EU and US agree end to Airbus-Boeing supply chain tariffs

3 min
Supply chains embroiled in Airbus-Boeing dispute will no longer be impacted by $11.5bn tariffs imposed on food and beverage, aircraft and tobacco

The EU and US have agreed to resolve a 17-year dispute over aircraft subsidies, suspending tariffs on billions of dollars' worth of goods that have plagued procurement leaders on both sides of the Atlantic. 

Under an agreement reached by European Commission Executive Vice-President Valdis Dombrovskis and US Trade Representative Katherine Tai on Tuesday, the tariffs will be halted for a period of at least five years. 

It will bring an end to punitive and disruptive levies on supply chains that have little to do with the argument, which became embroiled in the trade battle. Businesses on both sides of the dispute have been hit with more than $3.3bn in duties since they were first imposed by the US in October 2019, according the EC. 

The US imposed charges on goods upto $7.5bn in response to a World Trade Organisation ruling that judged the EU’s support of Airbus, its biggest aircraft manufacturer, unlawful. A year later in November 2020, the EU hit back. The WTO found the US had violated trade rules in its favourable treatment of Boeing, and was hit with EU duties worth $4bn. 

In all the tariffs affected $11.5bn worth of goods, including French cheese, Scotch whisky, aircraft and machinery in Europe, and sugarcane products, handbags and tobacco in America. Procurement leaders on both sides of the fence were forced to wrestle with tariffs of 15% on aircraft and components, and 25% on non-aircraft related products. 

Boeing-Airbus dispute by the numbers  

  • The dispute began in 2004
  • Tariffs suspended for 5 years 
  • $11.5bn worth of goods affected by tariffs
  • $3.3bn in duties paid by businesses to date 
  • 15% levy on aircraft and 25% on non-aircraft goods suspended

Both sides welcome end to tariffs 

European Commission President Ursula von der Leyen branded the truce a “major step” in ending what is the longest running dispute in WTO history. It began in 2004.

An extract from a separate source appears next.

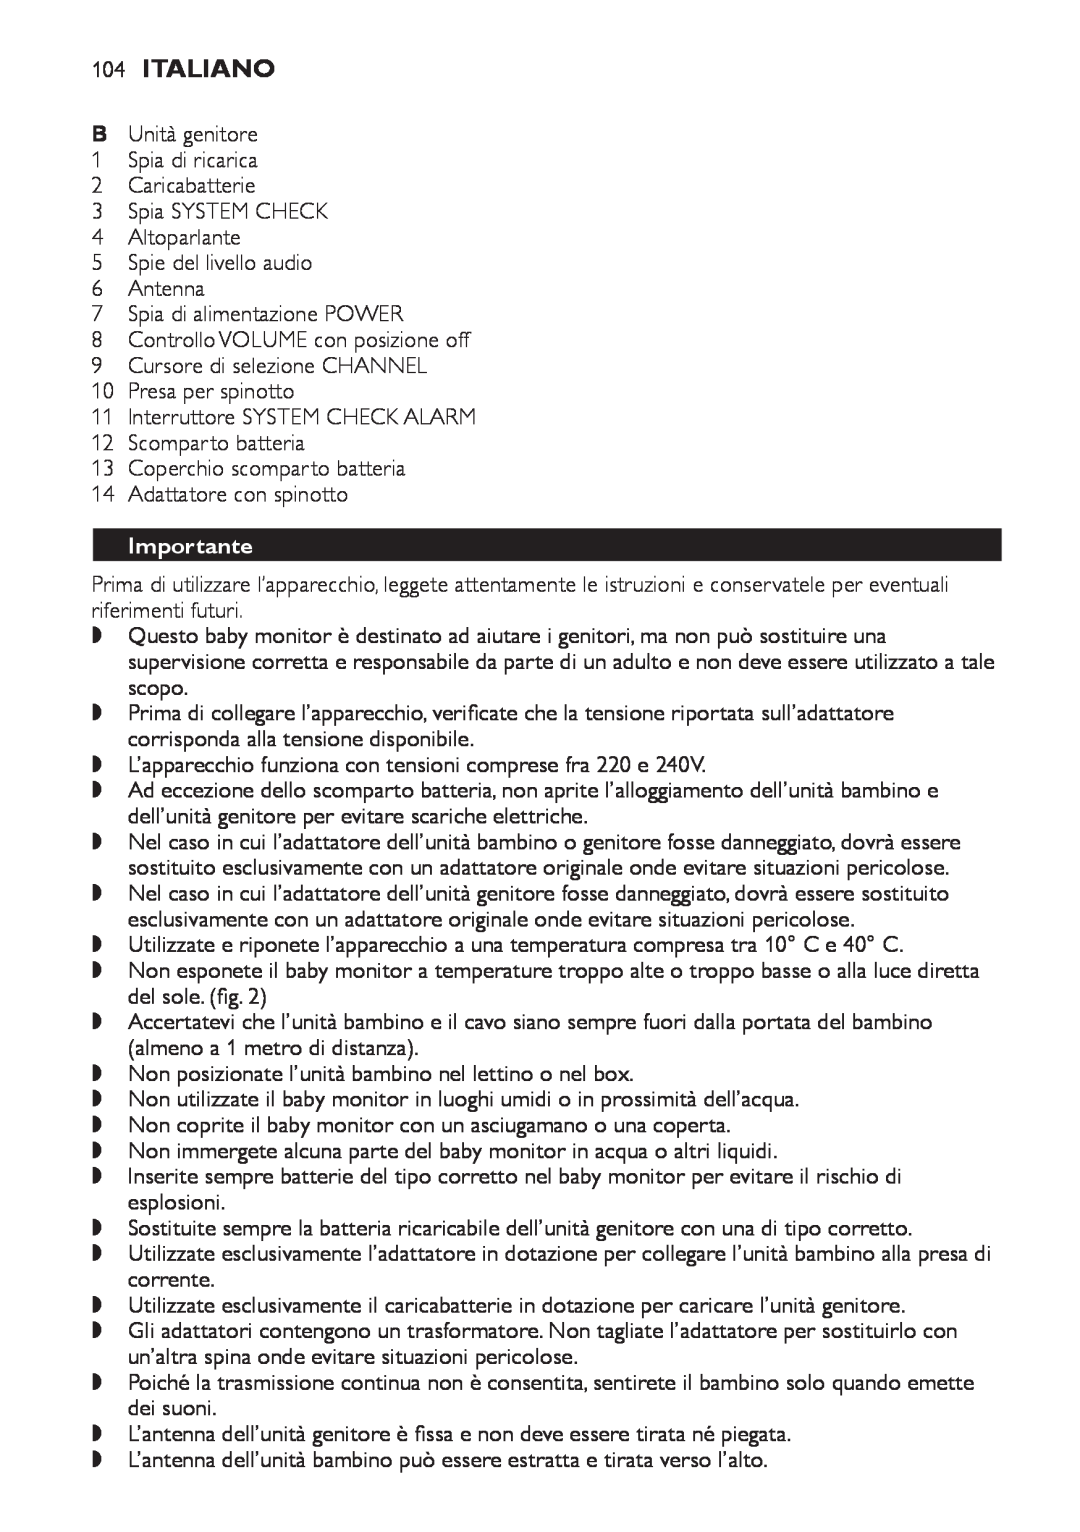 Philips SCD 469 manual 104Italiano, Importante 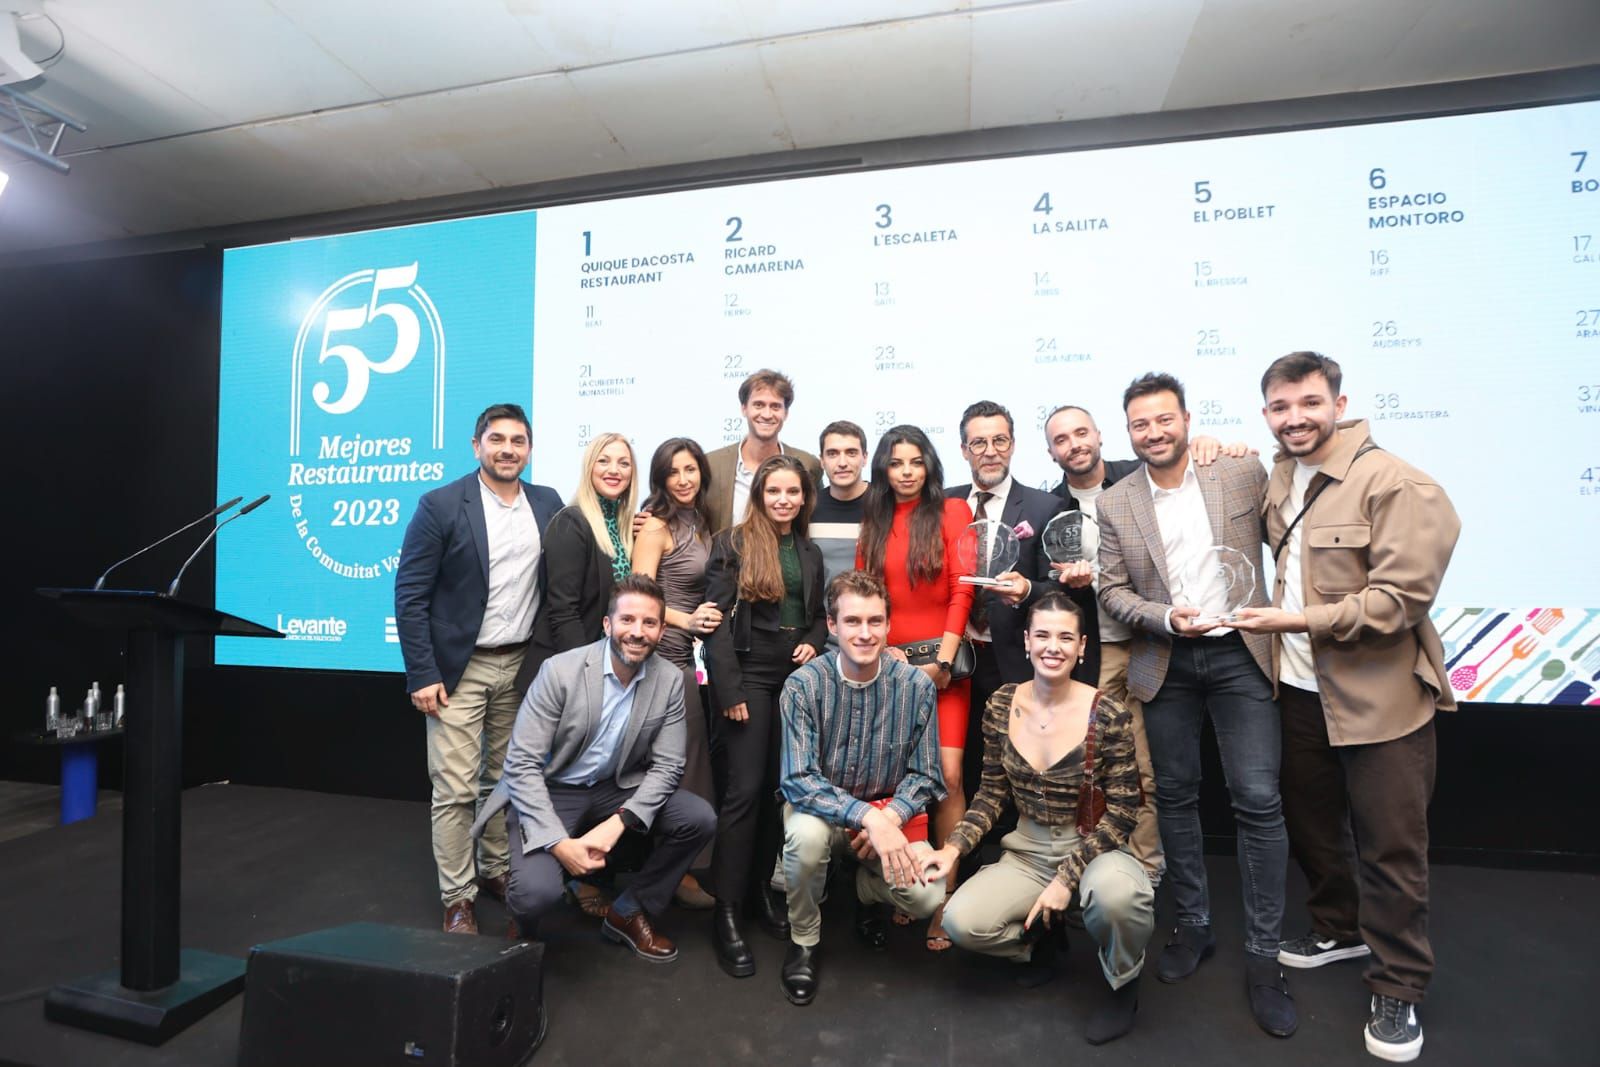 Todas las fotos de la presentación de los ‘55 mejores restaurantes de la Comunitat Valenciana’

“I am happy to see that after intensive work between the European Commission and the US administration, our transatlantic partnership is on its way to reaching cruising speed. This shows the new spirit of cooperation between the EU and the US and that we can solve the other issues to our mutual benefit,” she added.

Both aircraft manufacturers have welcomed the news. Airbus said in a statement that it will hopefully bring to an end the “lose-lose tariffs” that are affecting industries already facing “many challenges”. Boeing added that it will “fully support the U.S. Government’s efforts to ensure that the principles in this understanding are respected”. 

The US aerospace firm added: "The understanding reached today commits the EU to addressing launch aid, and leaves in place the necessary rules to ensure that the EU and United States live up to that commitment, without requiring further WTO action."

This week’s decision expands upon a short-term tariff truce announced in March this year. The EC says it will work closely with the US to try and further resolve the dispute, establishing a Working Group on Large Civil Aircraft led by each side’s trade minister.

Airbus last month signalled to suppliers that post-pandemic recovery was on the horizon, telling them to scale up to meet a return to pre-COVID manufacturing levels. “The aviation sector is beginning to recover from the COVID-19 crisis,” said Airbus chief executive Guillaume Faury, adding that suppliers should prepare for a period of intensive production “when market conditions call for it.”